Cette vieille idée remonte à l'époque de Strauss-Kahn. Elle complaît beaucoup aux technocrates français et aux ministres de la citadelle Bercy, Bruno Le Maire en tête. Elle a été catégoriquement rejetée, depuis des années, par un autre groupe conduit par l'Allemagne et les Pays Bas, rejoints par la Finlande et les trois pays baltes. On en retire l'impression d'un choc entre nord et sud du continent, que sais-je encore, entre luthériens et papistes, comme si à Madrid, à Paris ou à Rome le catholicisme était au pouvoir.
Le président du conseil italien Giuseppe Conte n'a fait que reprendre un concept socialiste, en parlant de corona bonds. L'adoption d'un tel un dispositif est jugée totalement contradictoire avec l'illusion d'une monnaie unique durable. Faute d'institutions confédérales réelles, on ne peut imaginer celle-ci possible entre des États pratiquant des politiques budgétaires diamétralement opposées.
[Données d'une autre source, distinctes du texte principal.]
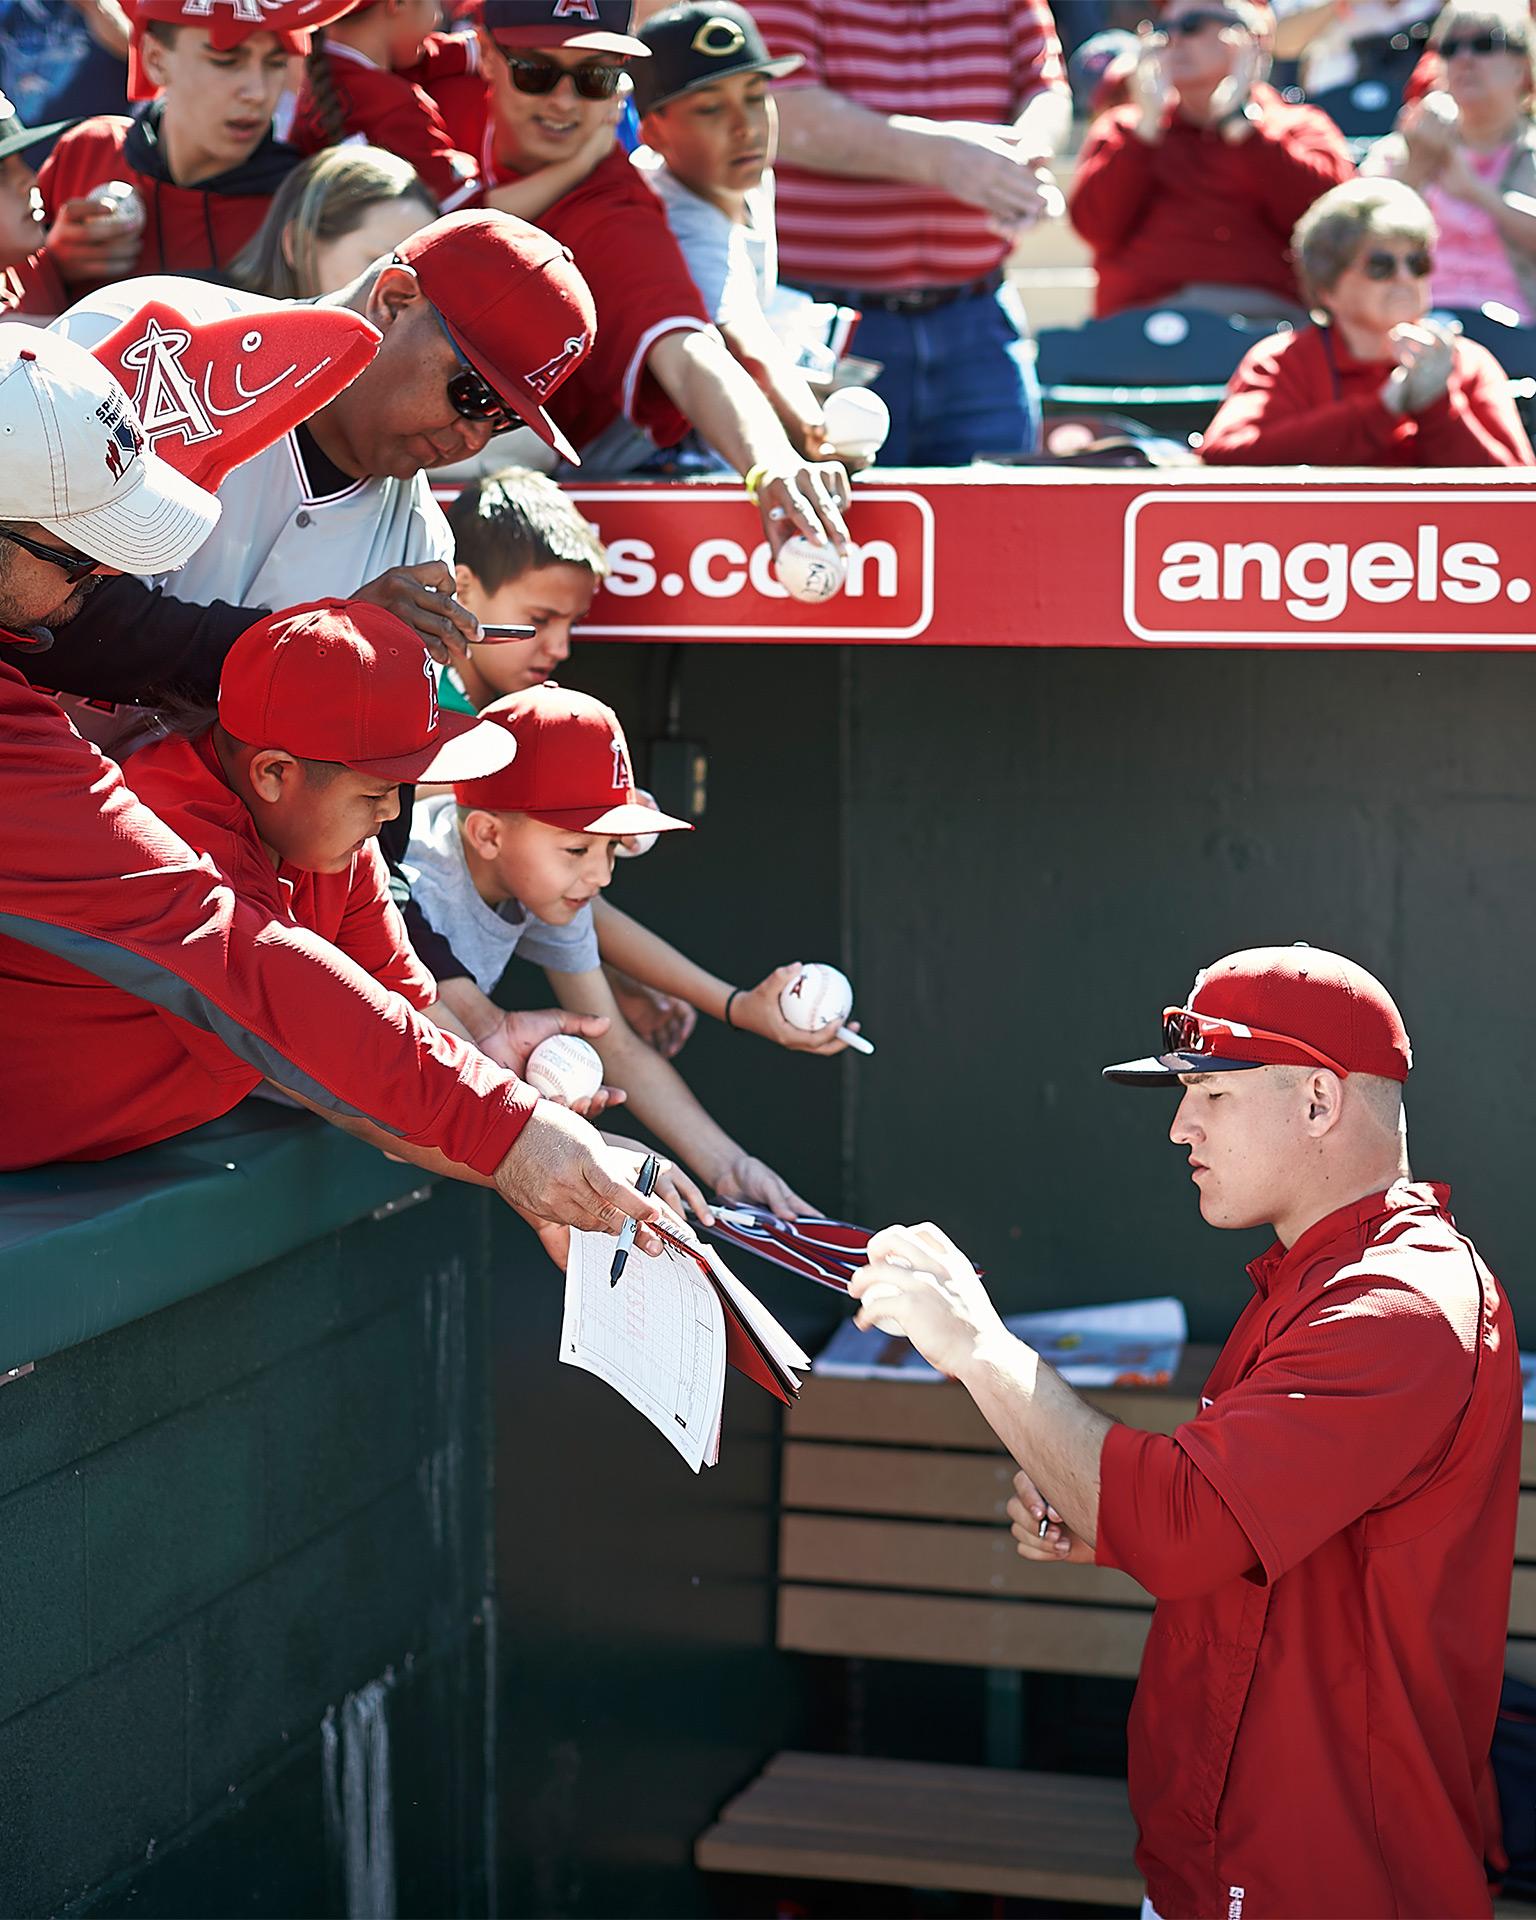 MLB News, Photos, Videos, Stats, Standings. - USA TODAY Angels baseball photo gallery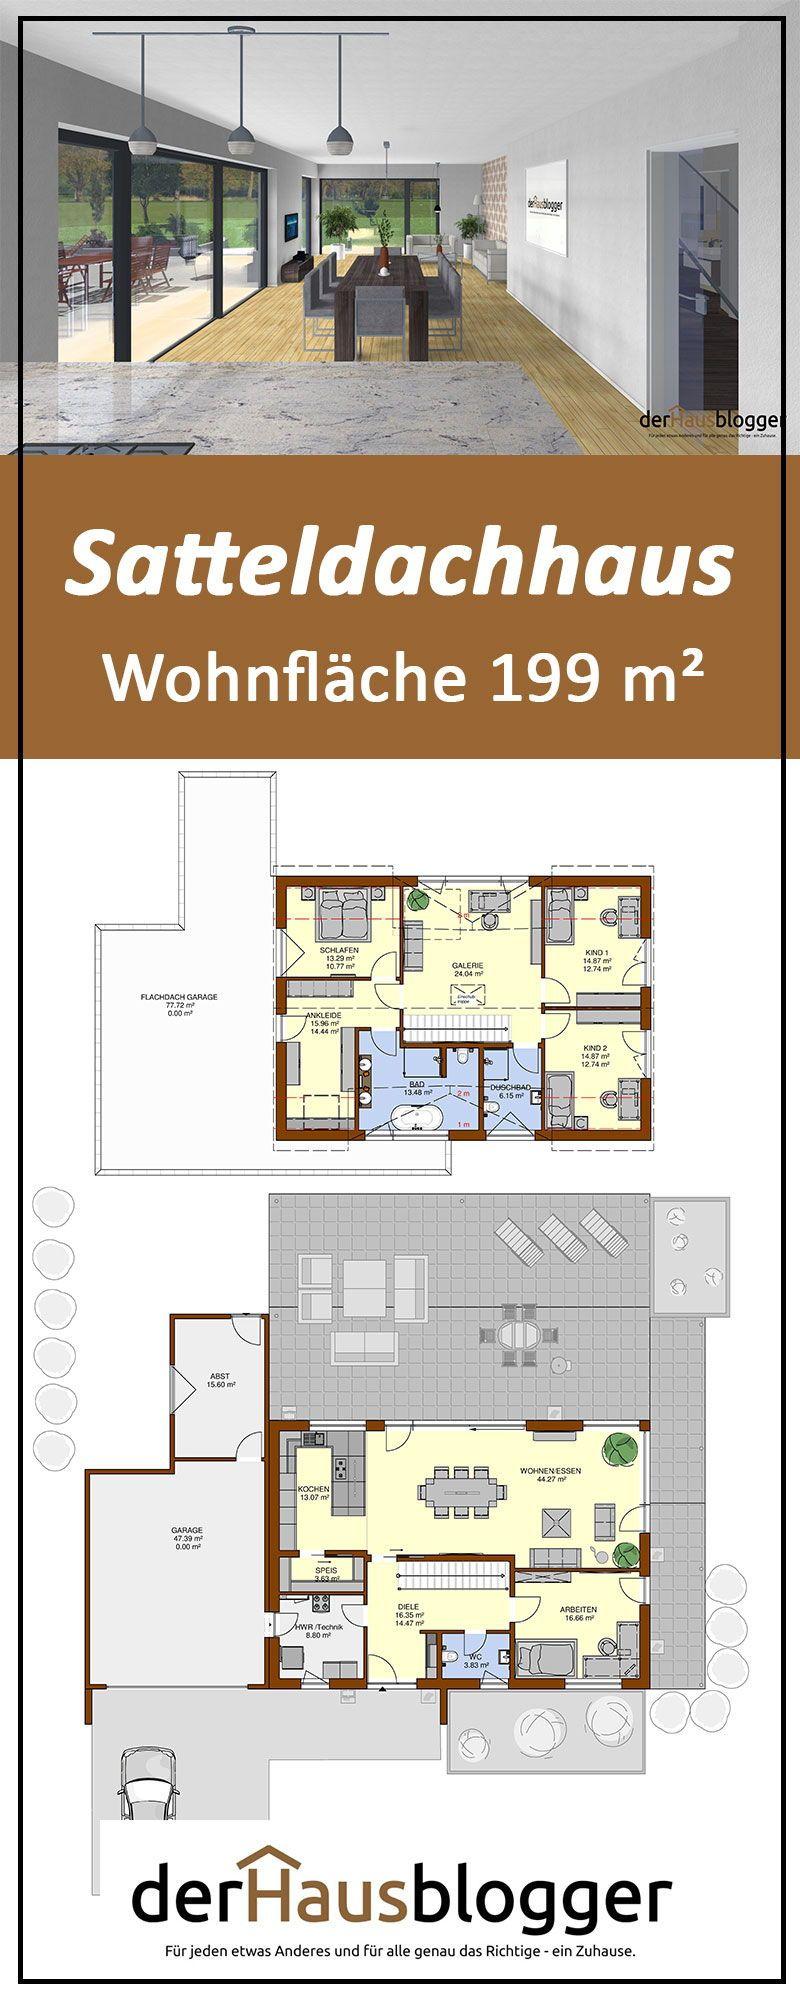 Photo of Satteldachhaus 199m² | derHausblogger

Or, beaucoup de bons esprits parisiens trouvent un charme nouveau à cette très ancienne formule qui consiste à surmonter une épreuve sans en faire mesurer les sacrifices. Hélas, les lecteurs de Beau de Loménie ont parfaitement compris que, séculairement, on se trouve ainsi en présence du mode de gouvernement préféré de nos grands habiles. L'Allemagne paiera, disaient-ils en 1919 avec Klotz, ministre des Finances de Clemenceau. Aujourd'hui on tend le même refrain, de manière plus abstraite encore : l'État paiera. Renvoyons ces marchands d'illusion à un discours prononcé par le dernier président de la troisième république. Dans les circonstances dramatiques de juin 1940, il avertissait : "ne demandez pas trop à l'État, il ne vous donne que ce qu'il vous a pris", – message rédigé par Emmanuel Berl. On peut regretter que l'éducation nationale ne fasse pas lire ce texte dans les écoles.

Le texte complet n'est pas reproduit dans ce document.